■ DATASET EXTRACT
+++

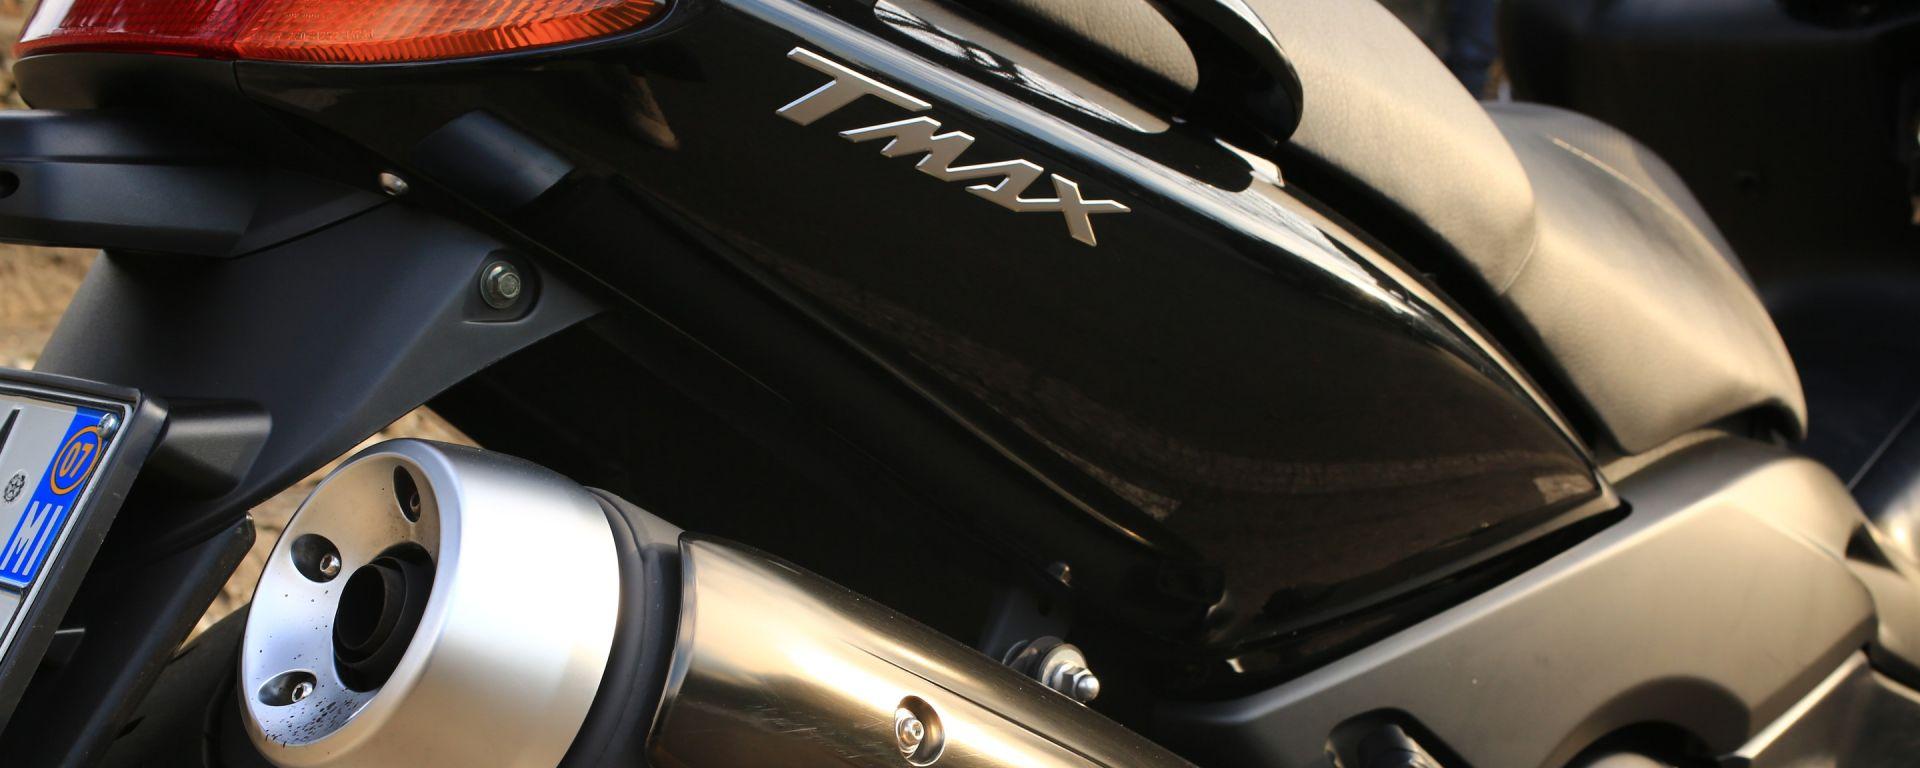 La carta d'identità dello Yamaha TMax
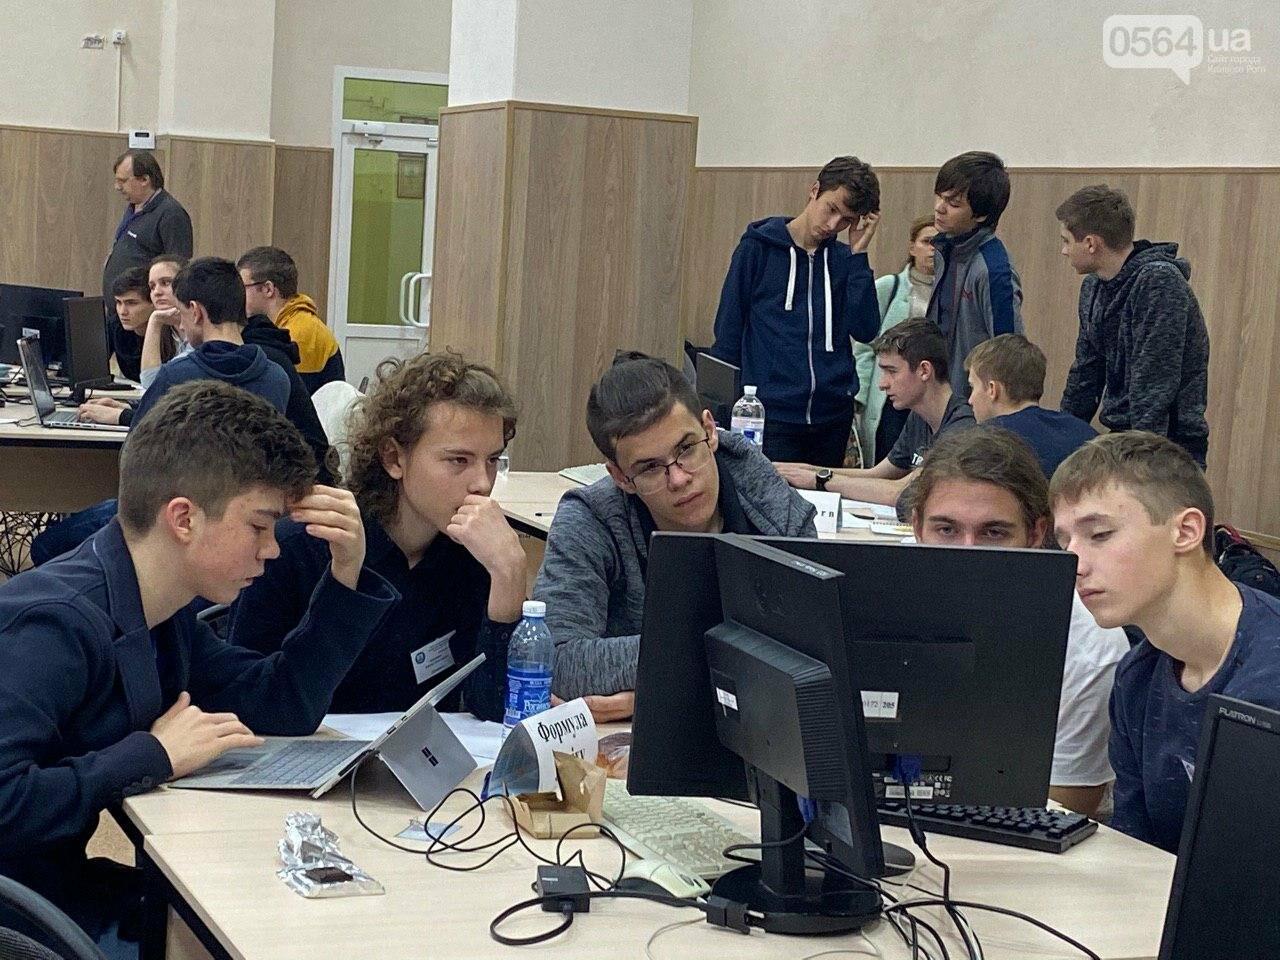 Впервые в Кривом Роге проходит Всеукраинский турнир юных информатиков, - ФОТО, фото-14
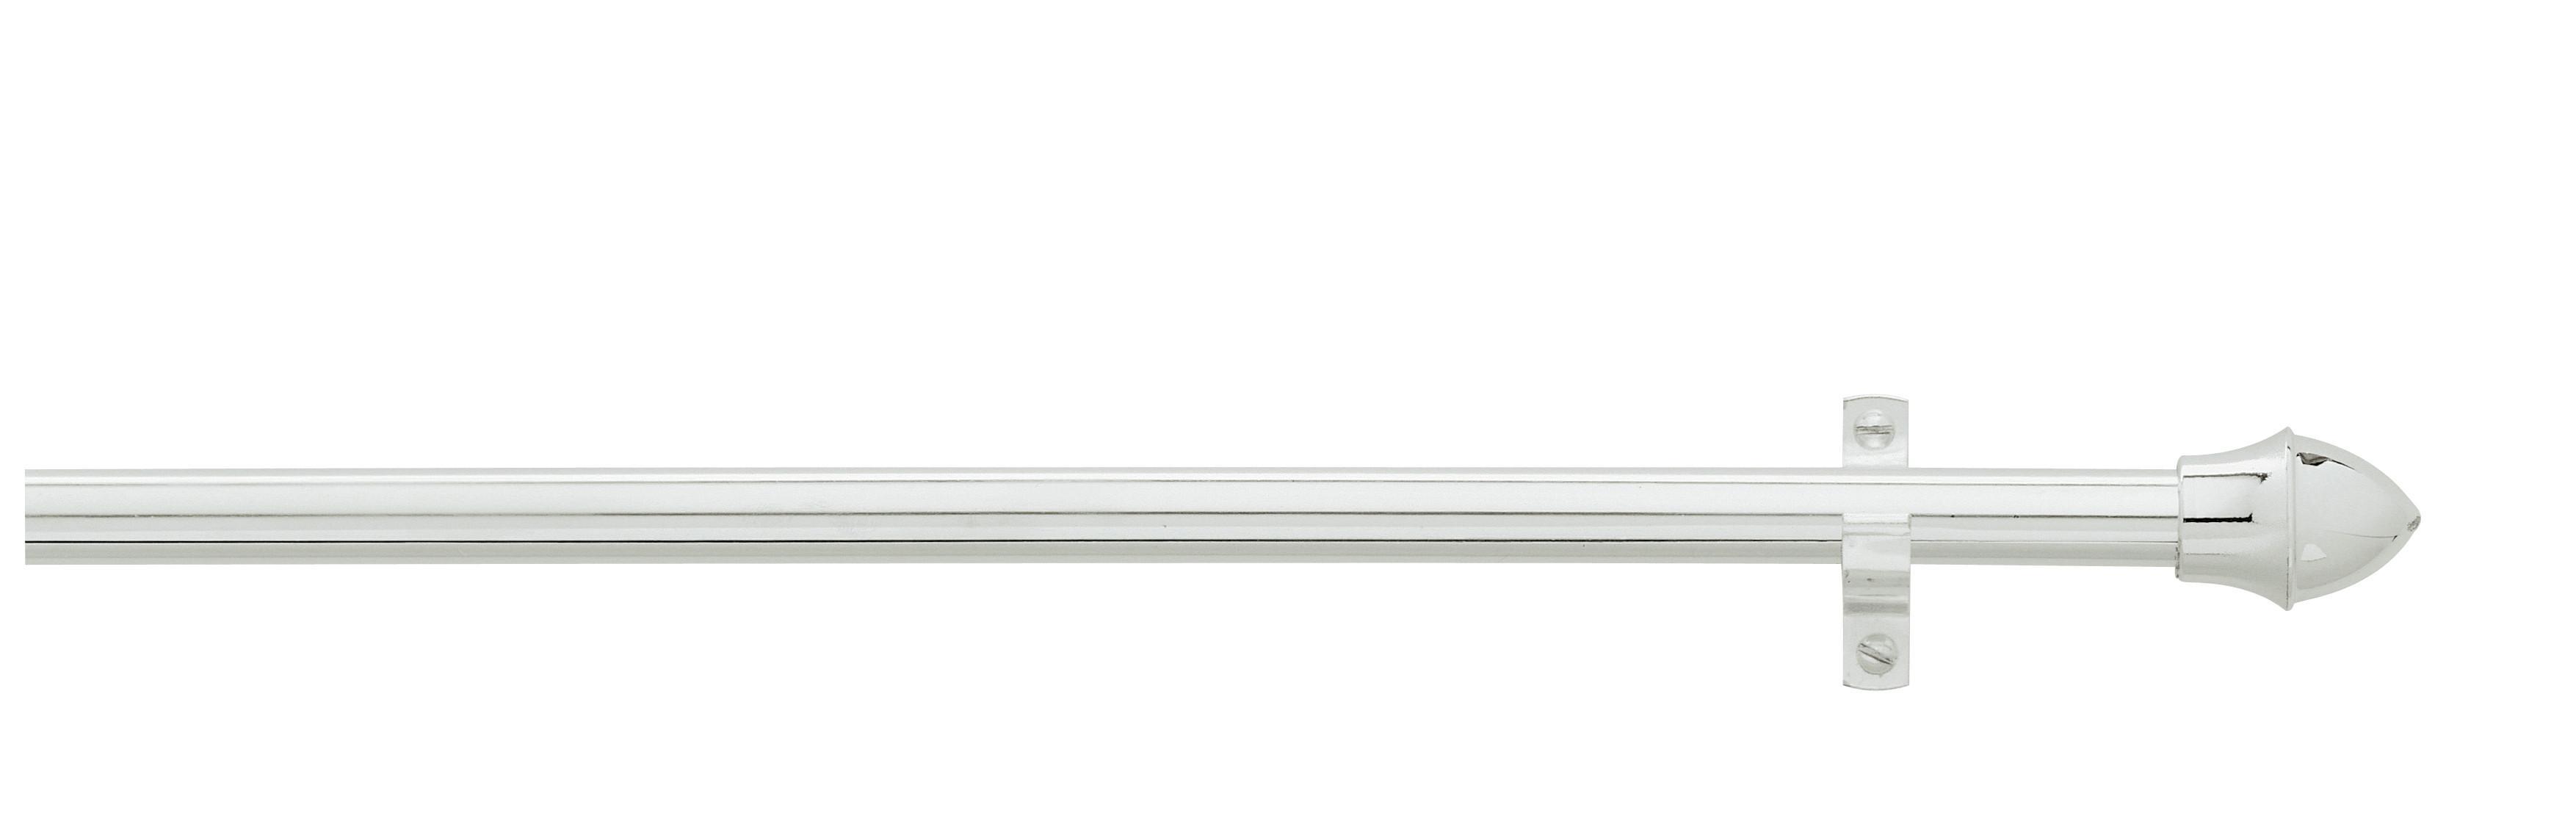 Vitragenstange Weiß - Weiß, KONVENTIONELL, Kunststoff/Metall (55cm) - MÖBELIX
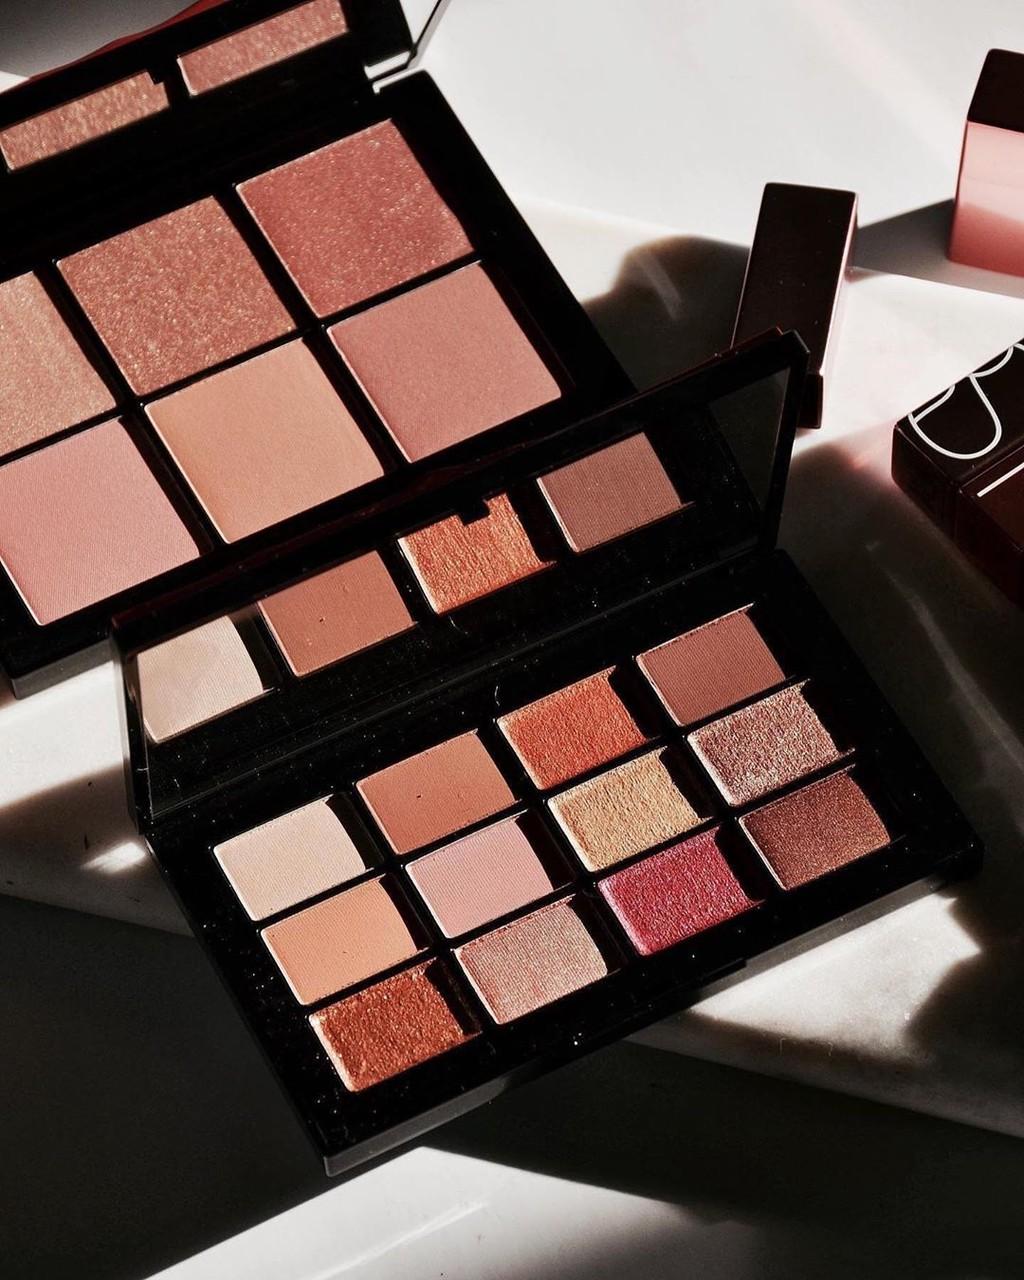 NARS nos propone un maquillaje de primavera luminoso y precioso con sus nuevas incorporaciones

+++

■ TASK
Set down the data exactly as it appears, without any images.

■ WRITTEN RESPONSE
 La carta d'identità dello Yamaha TMax
 Впервые в Кривом Роге проходит Всеукраинский турнир юных информатиков, - ФОТО, фото-14
 Vitragenstange Weiß - Weiß, KONVENTIONELL, Kunststoff/Metall (55cm) - MÖBELIX
 NARS nos propone un maquillaje de primavera luminoso y precioso con sus nuevas incorporaciones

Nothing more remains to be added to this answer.